Pada kesempatan itu, Yuswir Arifin juga menyampaikan sejarah Sijunjung dan kemajuan yang dicapai Sijunjung semasa ia menjadi bupati bersama Arrival Boy selaku Wabup kala itu. Termasuk masalah keluhan warga terkait jalan provinsi dan nasional juga disampaikan Yuswir Arifin kehadapan gubernur.

Terkait masalah jalan provinsi dan nasional itu, kata Yuswir Arifin, Pemkab tak bisa berbuat apa-apa, karena itu bukan kewenangan daerah. “Nah, untuk itu kami sampaikan keluhan warga pada bapak gubernur,”sebut Yuswir Arifin.

Yuswir Arifin juga menyampaikan sejumlah keberhasilan daerah yang pernah ia pimpin termasuk soal wilayah hukum dan indek keberhasilan yang berada diposisi ke-69 di Indonesia dan ke-7 di Sumbar.

Plh Bupati Sijunjung, Zefnihan, AP, MSi, mengatakan, karena Covid-19, tidak dapat berkumpul secara bersama dan dilakukan kegiatan HJK itu secara virtual.

“Atas nama Pemkab menyampaikan selamat datang di Kabupaten Sijunjung. Saya mengapresiasi pada seluruh stakeholder atas kemajuan Sijunjung,”ucap Zefnihan.

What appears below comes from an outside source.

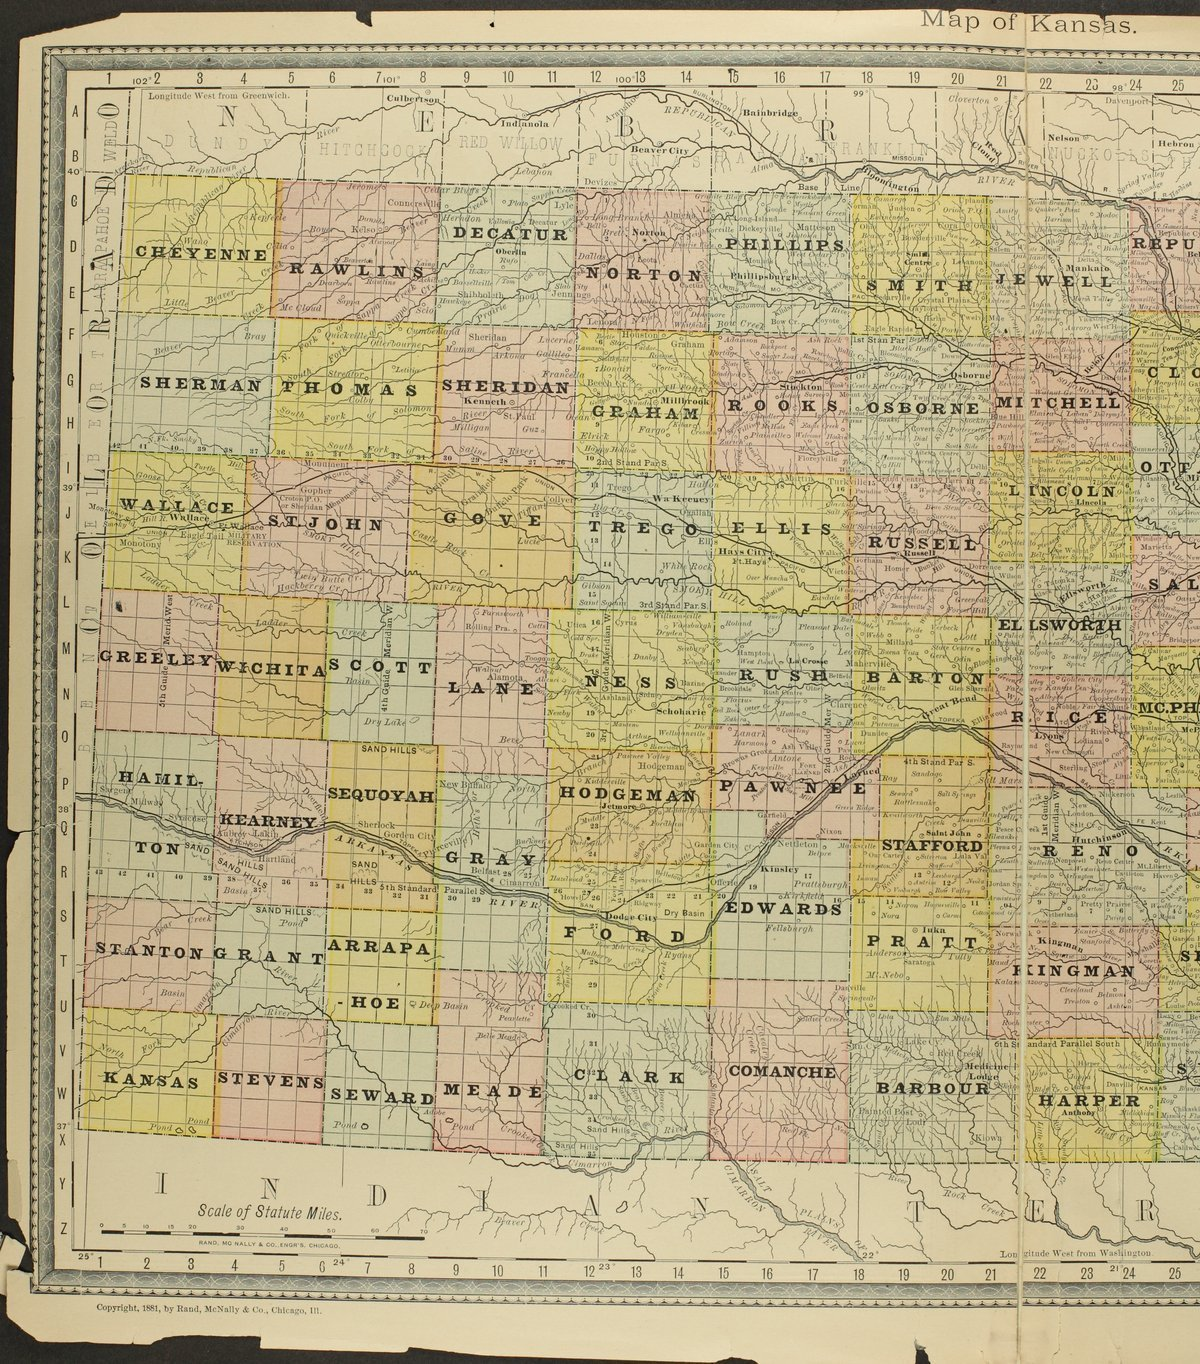 Historical plat book of Doniphan County, Kansas - Map of Kansas

Plh Bupati Sijunjung juga menyampaikan kemajuan yang dicapai daerah itu, mulai soal ekonomi hingga pertumbuhan bidang pembangunan lainnya juga disampaikan. Bahkan soal Geopark Silokek dan objek wisata lainnya nya dipaparkan. Ia juga minta dukungan semua pihak. Bahkan soal keberhasilan yang dicapai Sijunjung juga disampaikan Plh Bupati Zefnihan termasuk soal kewilayahan hukum juga dipaparkannya.

Plh Bupati juga menyampaikan apresiasi pada Yuswir Arifin-Arrival Boy yang telah membangun Sijunjung secara bersama dengan semua lapisan masyarakat, DPRD dan semua pihak.

Plh Gubernur diwakili Asisten III Pemprov Sumbar, Nasir Ahmad, mengupas soal pemerintahan. “Peringatan hari jadi sebuah daerah merupakan semua momen yang harus kita maknai dan mengevaluasi diri untuk kemajuan suatu daerah untuk mewujudkan kesejahteraan masyarakat,”kata gubernur.

Bahkan Plh Gubernur diwakili Asisten III Pemprov Sumbar, Nasir Ahmad, mengakui potensi migas Sijunjung yang bakal menambah pendapatan dan kesejahteraan masyarakat termasuk perkembangan wisata Geopark Silokek juga dikupas Nasir Ahmad yang sangat bagus untuk kemajuan Sijunjung dan begitu juga masalah perkebunan lainnya.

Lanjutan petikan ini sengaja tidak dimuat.